Hemlock hybrids resist destructive pest
New hemlock hybrids that are tolerant to the invasive insect known as hemlock woolly adelgid have been created by USDA scientists.

Geneticist Richard Olsen and horticulturist Sue Bentz of USDA’s Agricultural Research Service (ARS) teamed up with Forest Service entomologist Mike Montgomery to breed and select these tolerant hybrids.

Over the past few decades, two hemlocks native to the United States—Tsuga canadensis and T. caroliniana—have been under attack by the small sucking insect Adelges tsugae, also known as the hemlock woolly adelgid (HWA). Originally from Asia, this aphid relative has spread to forests and backyards in 17 eastern states, killing hemlock trees and devastating natural ecosystems.

The U.S. National Arboretum began a breeding program in the 1990s to develop hemlock hybrids tolerant to HWA. The scientists crossed hemlock species native to the United States with germplasm (collected in Asia) of hemlocks that have shown tolerance to the insect. Olsen and Bentz have developed 140 hemlock hybrids, 108 of which are suitable for testing.

In 2006, Olsen and his colleagues began a multi-year field trial to test each hybrid’s degree of tolerance to HWA. Testing more than 170 trees, the researchers artificially infested the hybrids by attaching HWA-infested branches to the hybrids’ lower branches and securing them with mesh bags to prevent the insects from escaping. They found the species T. chinensis and its hybrids to be most tolerant to HWA.

For more: Sue Bentz, Susan.Bentz@ars.usda.gov


Plants play larger role than previously thought in cleaning air pollution
Vegetation plays an unexpectedly large role in cleansing the atmosphere, according to a study by the National Center for Atmospheric Research (NCAR). Scientists used observations, gene expression studies and computer modeling to show that deciduous plants absorb about a third more of a common class of air polluting chemicals than previously thought.

“Plants clean our air to a greater extent than we had realized,” said NCAR scientist Thomas Karl, the lead author. “They actively consume certain types of air pollution.”

The research team focused on a class of chemicals known as oxygenated volatile organic compounds (oVOCs), which can have long-term impacts on the environment and human health. The compounds form in abundance in the atmosphere from hydrocarbons and other chemicals that are emitted from both natural sources, including plants, and sources related to human activities, including vehicles and construction materials. The compounds help shape atmospheric chemistry and influence climate.
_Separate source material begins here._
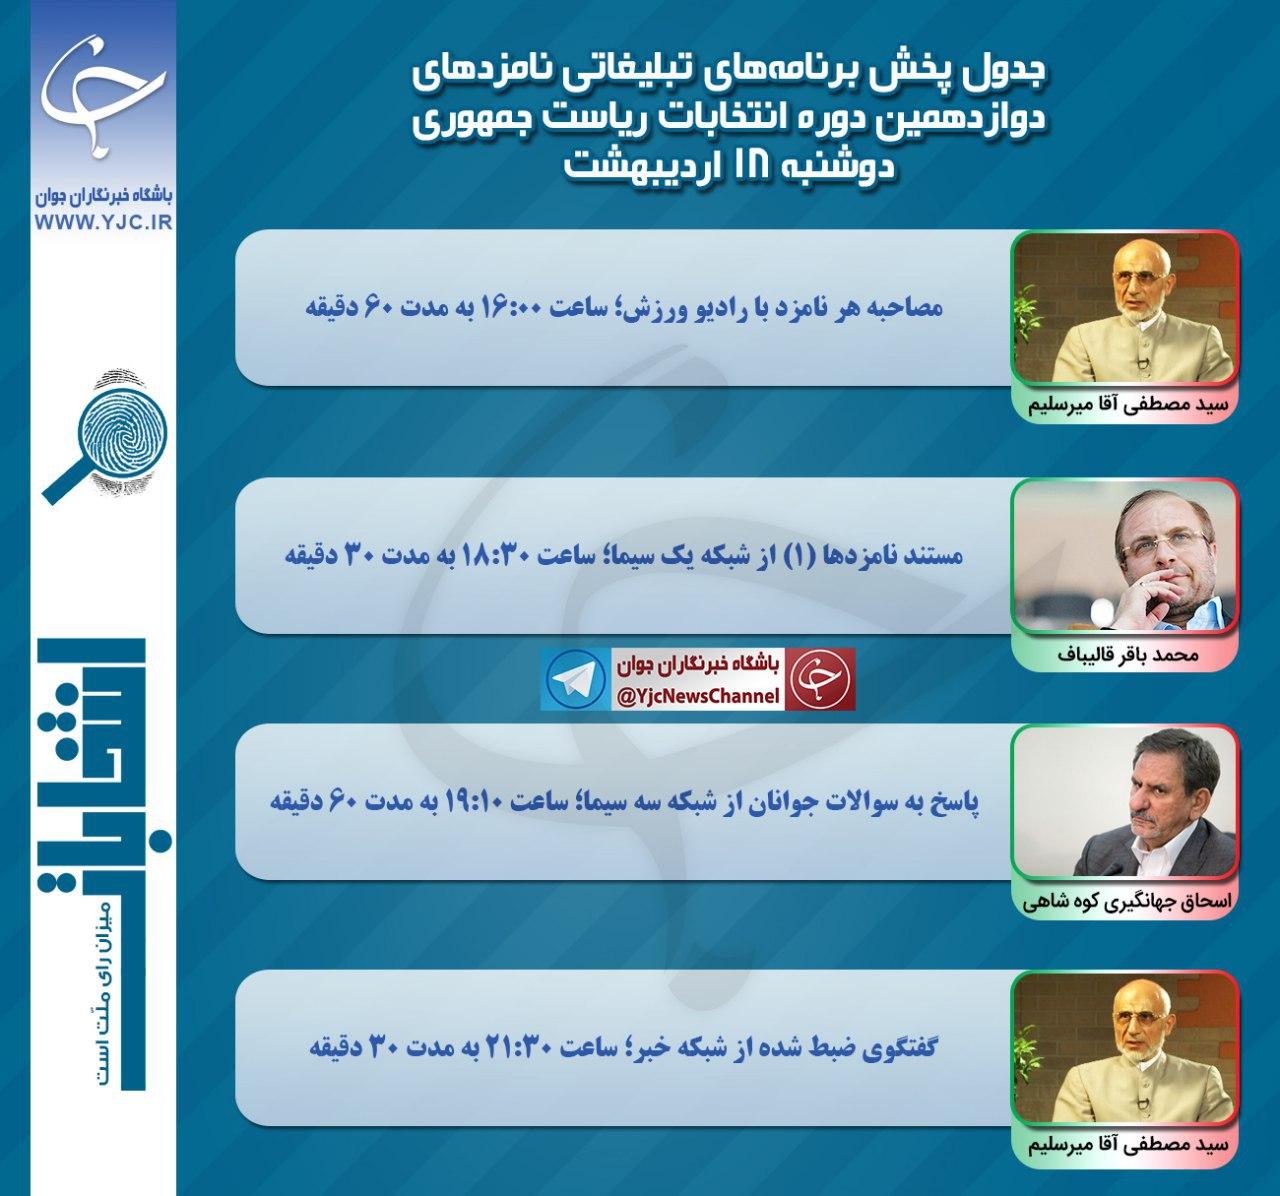 برنامه نامزدهای انتخابات ریاست جمهوری در رسانه ملی در هجدهمین روز اردیبهشت

Eventually, some oVOCs evolve into tiny airborne particles, known as aerosols, that have important effects on both clouds and human health.

By measuring oVOC levels in a number of ecosystems in the United States and other countries, the researchers determined that deciduous plants appear to be taking up the compounds at an unexpectedly fast rate—as much as four times more rapidly than previously thought. The uptake is especially rapid in dense forests and most evident near the tops of forest canopies, which account for as much as 97 percent of the oVOC uptake that was observed.

Once the researchers understood the extent to which plants absorb oVOCs, they fed the information into a computer model that simulates chemicals in the atmosphere worldwide. The results indicated that, on a global level, plants are taking in 36 percent more oVOCs than had previously been accounted for in studies of atmospheric chemistry. Additionally, since plants are directly removing the oVOCs, fewer of the compounds are evolving into aerosols.